The Supreme Court and the lower federal courts have wrestled with the
application of the "doctrine" in numerous cases since it was announced. Despite
the extreme circumstances surrounding Mirecki's death, we cannot escape the fact
his death arose out of an activity incident to his military service. All three
factors applied by this court in determining whether an activity is incident to
service were present: Mirecki was on active duty; his death occurred on a Navy
base; and he was engaged in a prescribed training exercise. AFFIRM.
Comments by a legal beagle (name withheld) to those conducting their own
research...
Bivens is the name of the plaintiff (person suing) in a landmark U.S. Supreme
Court case that permits suits for money damages to be filed against federal
officials for violations of constitutional rights.
There have been a number of subsequent U.S. Supreme Court decisions involving "Bivens-type" cases since the original Bivens decision. The problem with a military member trying to use a "Bivens-type" case to go after another military member is that the U.S. Supreme Court pretty much appears to have shut down this line of attack by using the rationale of the Feres doctrine. The case in which this was done was Chappell v. Wallace, a 1983 Supreme Court case concerning enlisted military personnel who tried to sue superior officers for money damages for constitutional violations.
The legal citation to Chappell is 462 U.S. 296 (1983). The legal citation to Bivens v. Six Unknown Federal Narcotics Agents is 403 U.S. 388 (1971). Anyone in the military thinking about a "Bivens-type" case should also read United States v. Stanley, 483 U.S. 669 (1987), the Supreme Court decision that shut down the law suit of the former Army sergeant who was unknowingly given LSD in military experiments testing the effects of the mind bending drug on human subjects.

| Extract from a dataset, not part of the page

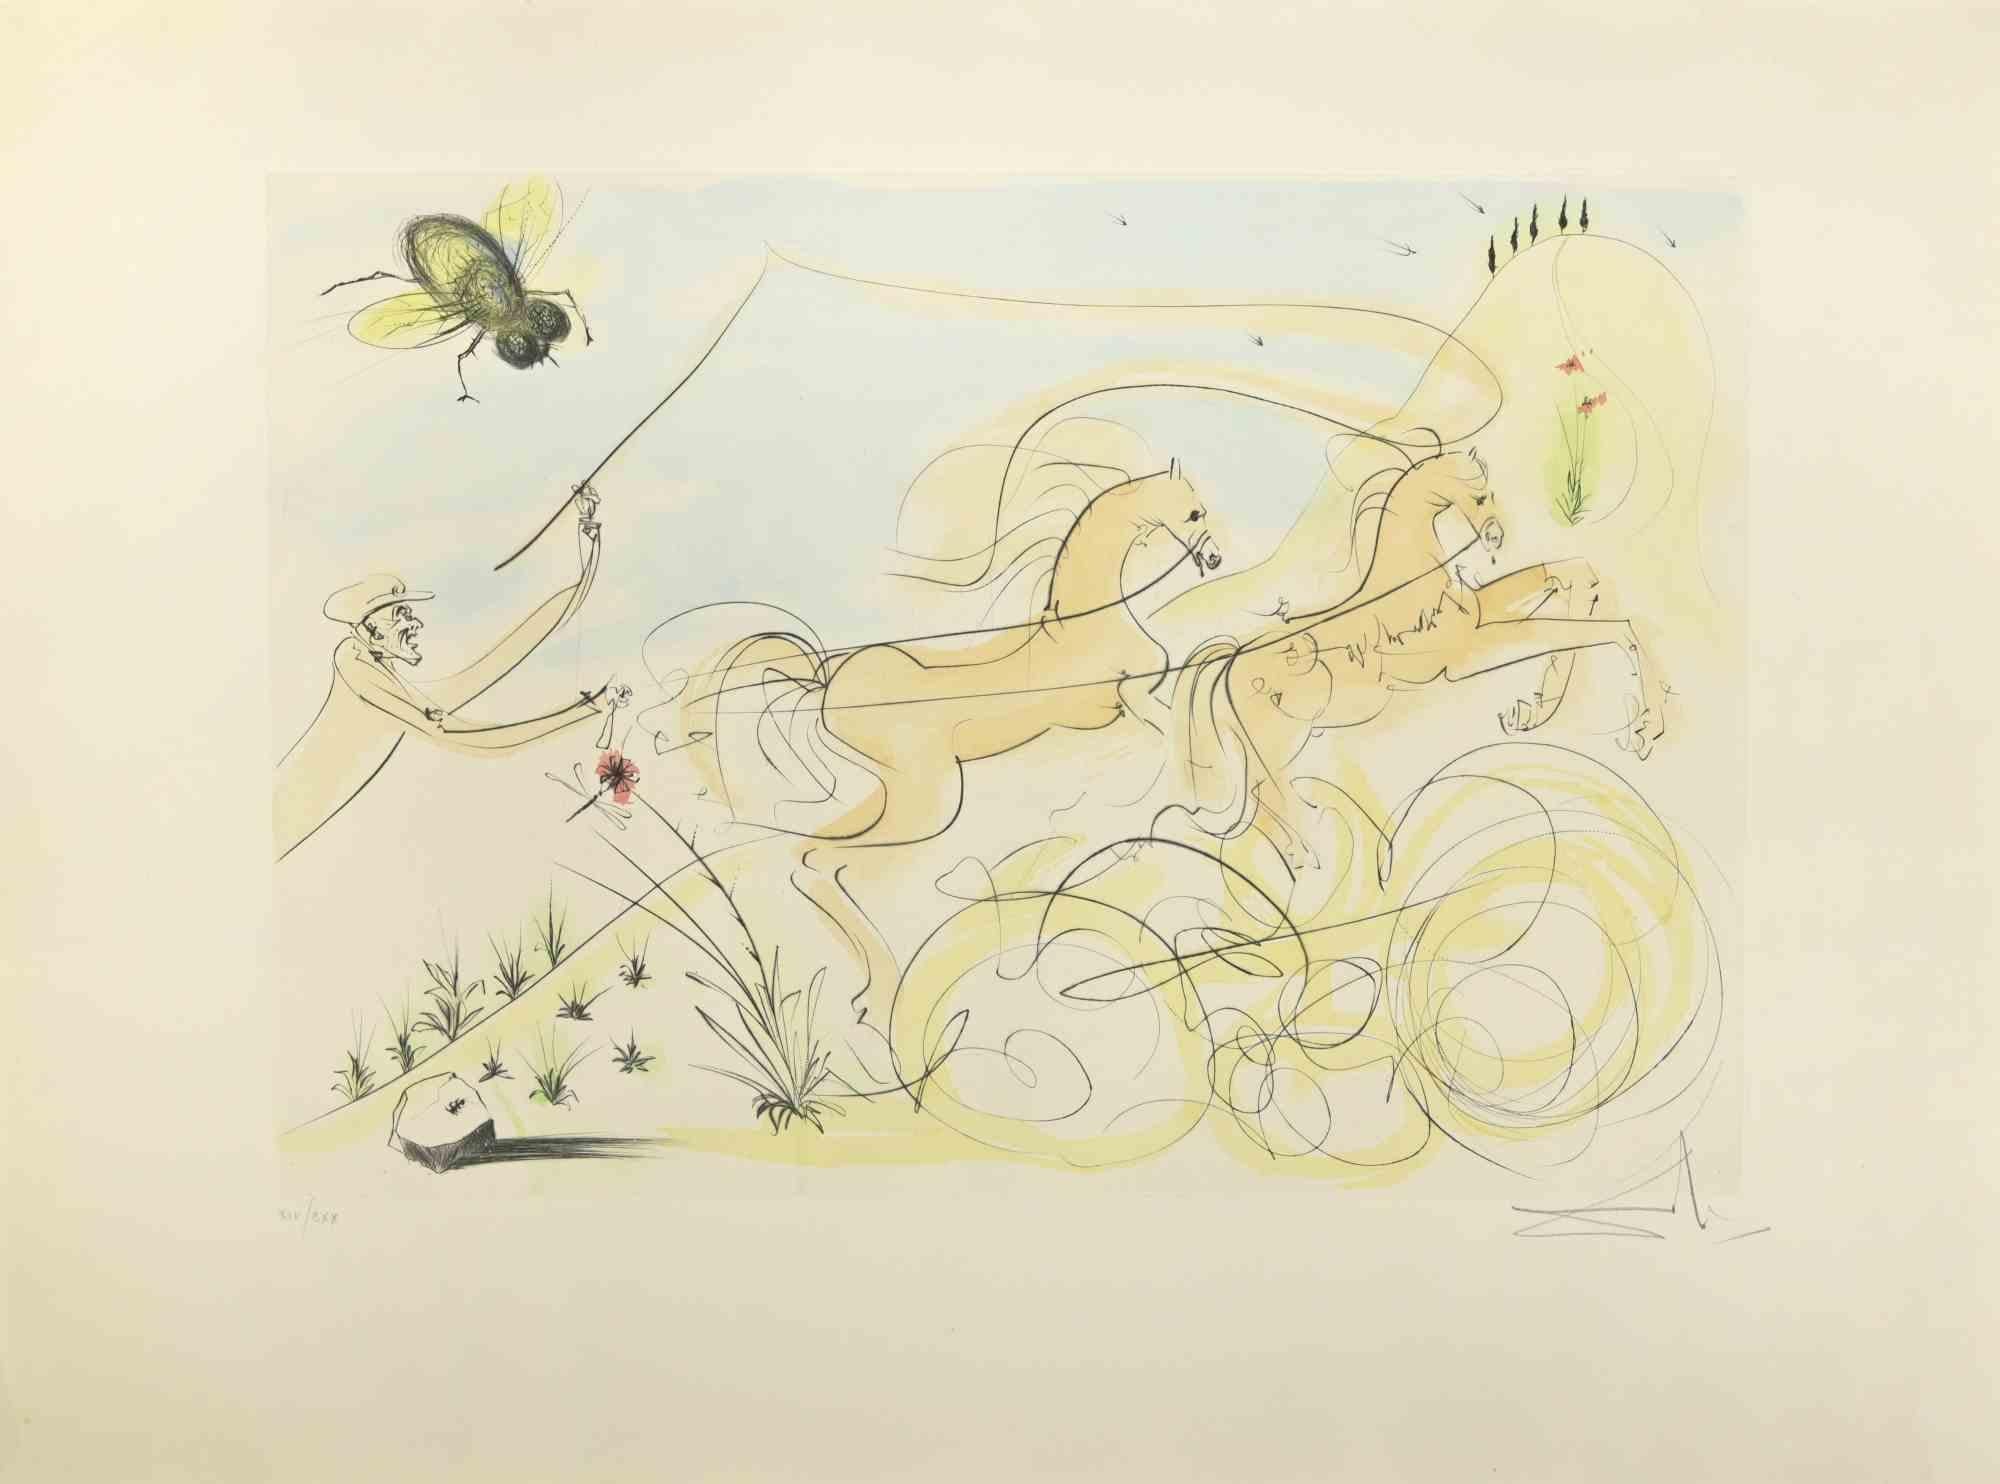 Salvador Dalí Animal Print – The Coach und die Fliesen – Radierung  - 1974
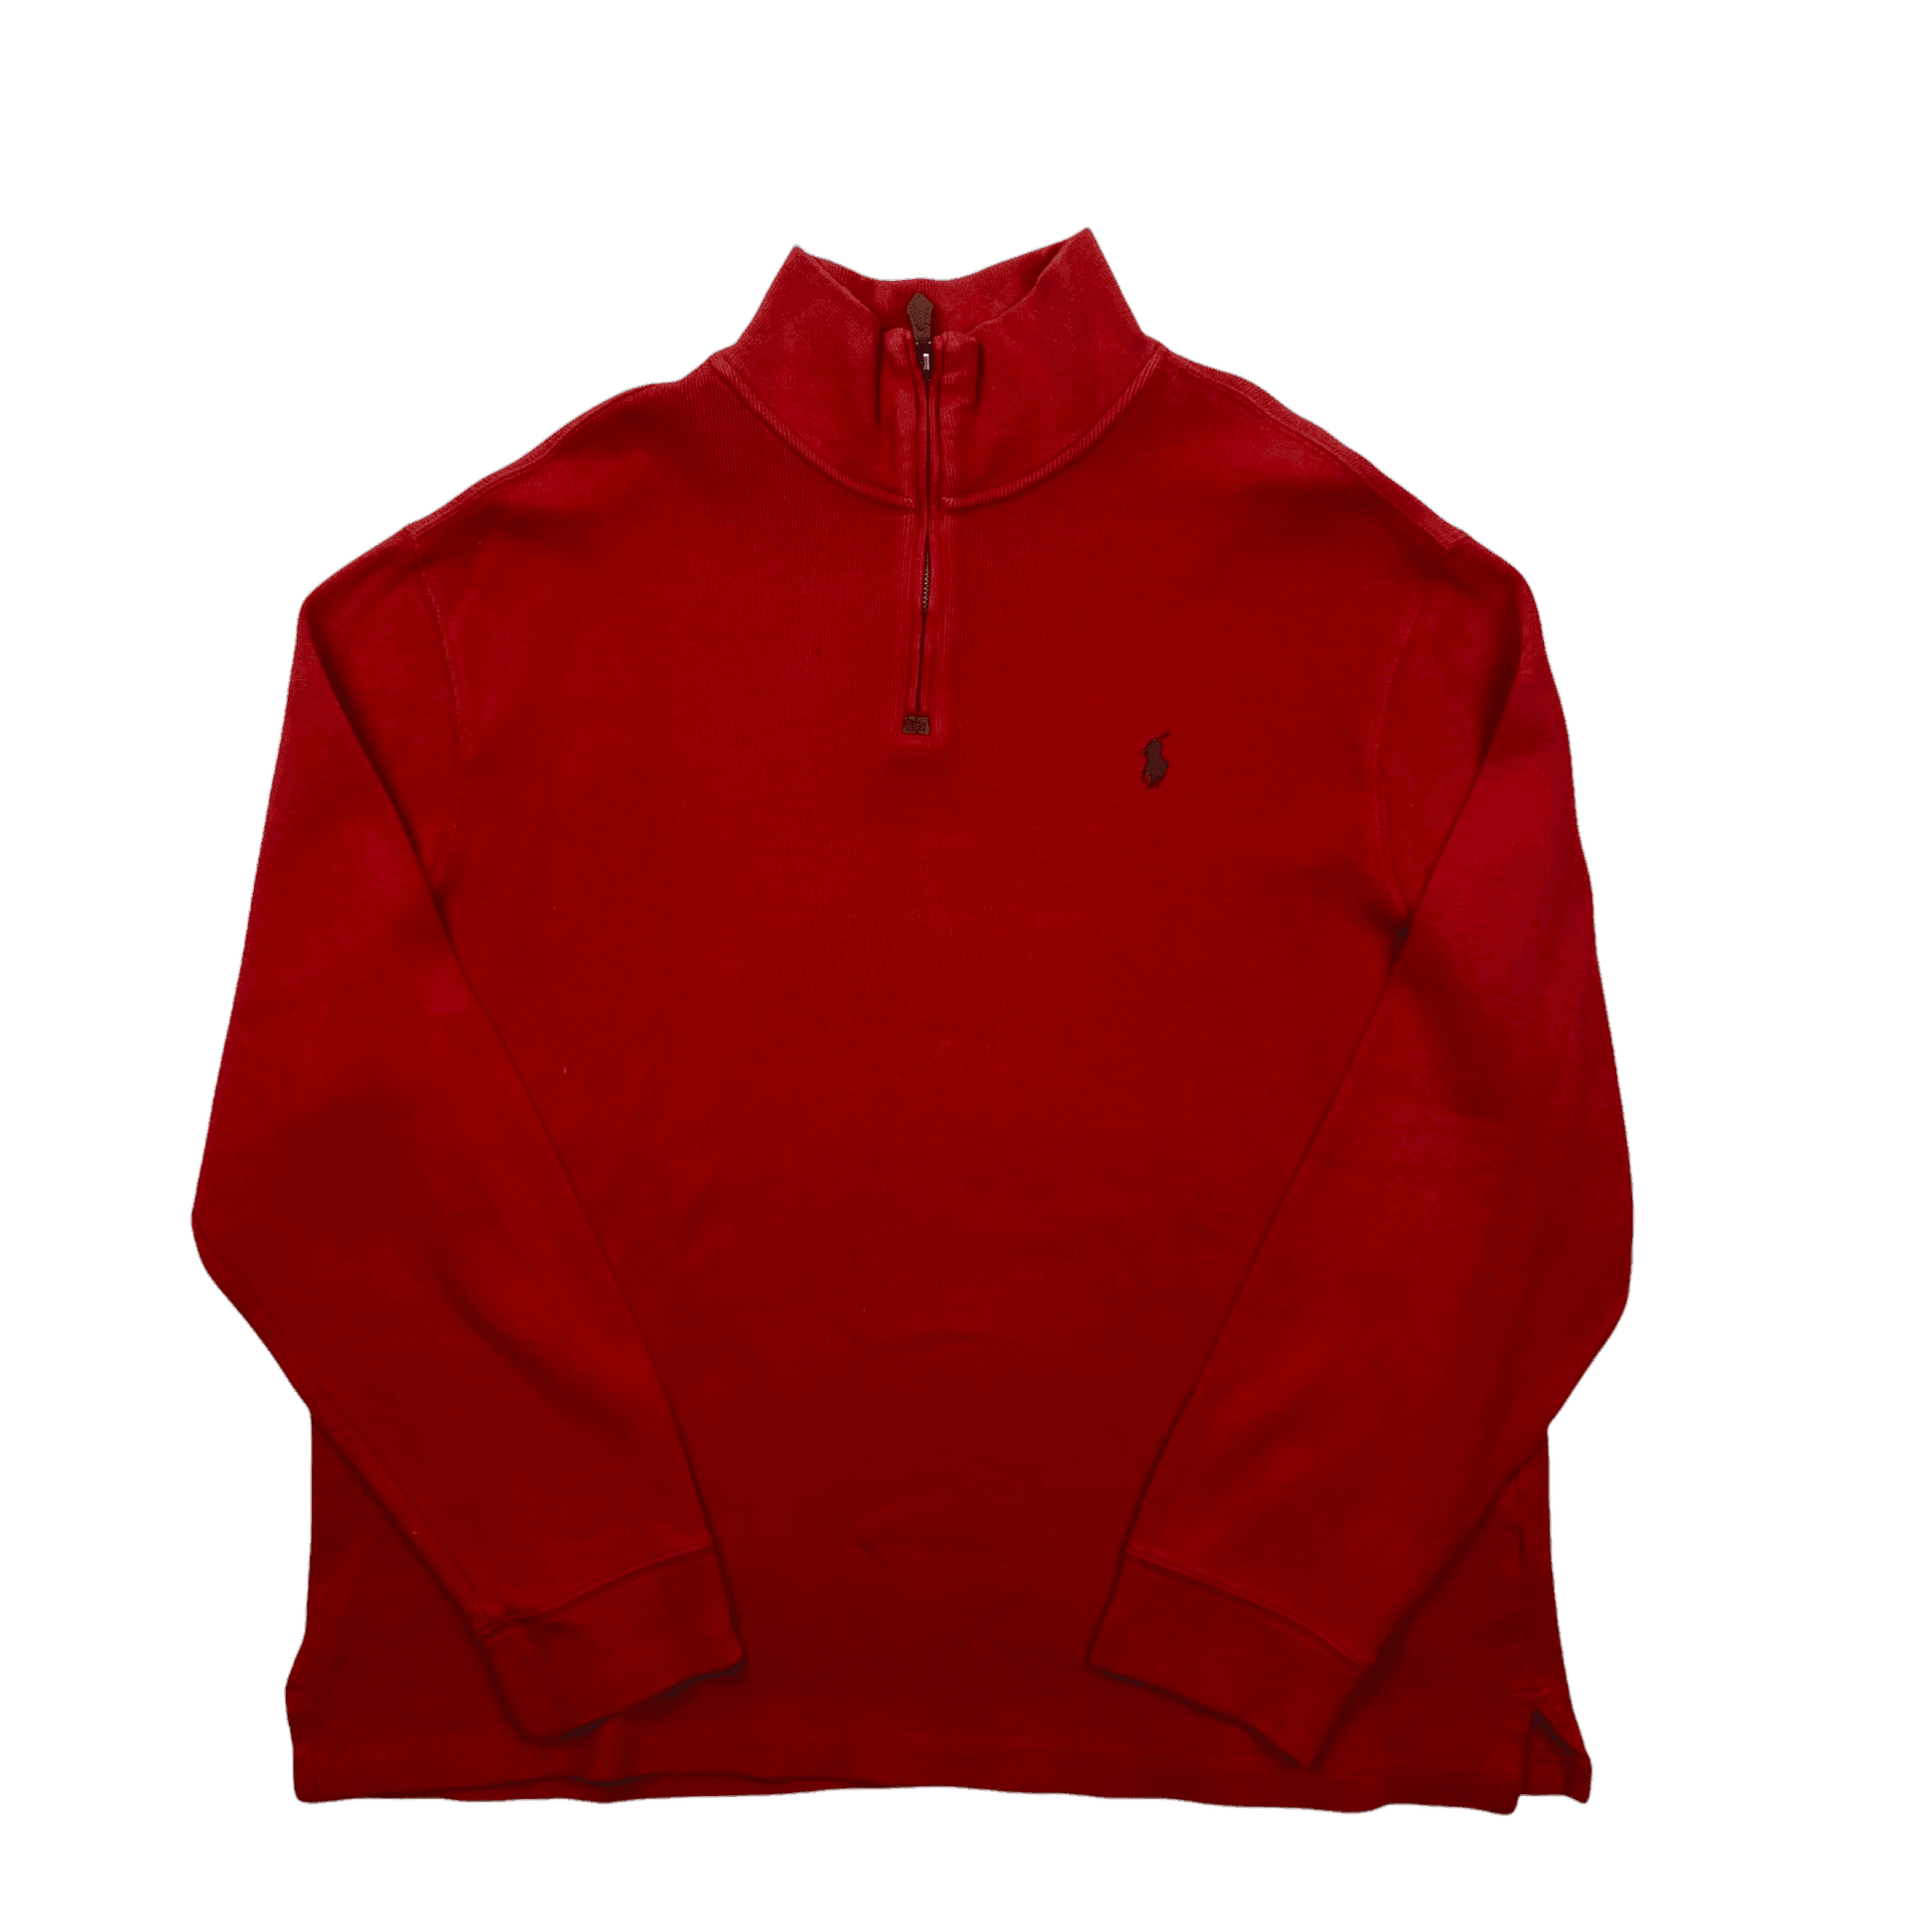 Vintage 90s Red Polo Ralph Lauren Quarter Zip Sweatshirt - Extra Large

There is a terrific Web site named Findlaw that has (among other things) free copies of U.S. Supreme Court decisions from 1893 to present. Anyone interested in reading the law should consider researching this web site. What's really needed is a comprehensive, legally savvy Web page (with statutes, DOD Directives, regulations, court cases, whistleblower info, articles, etc) for military personnel who find themselves in conflict with the system--but that would take a lot of time to do and keep current). Suggestion: check out Findlaw. On the Findlaw search form for Supreme Court case law, type in the citation for Chappell, and take a look at the case. If you are historically inclined, take a look at Parker v. Levy, 417 U.S. 733 (1974), to see what happened to an Army doctor during the Vietnam era.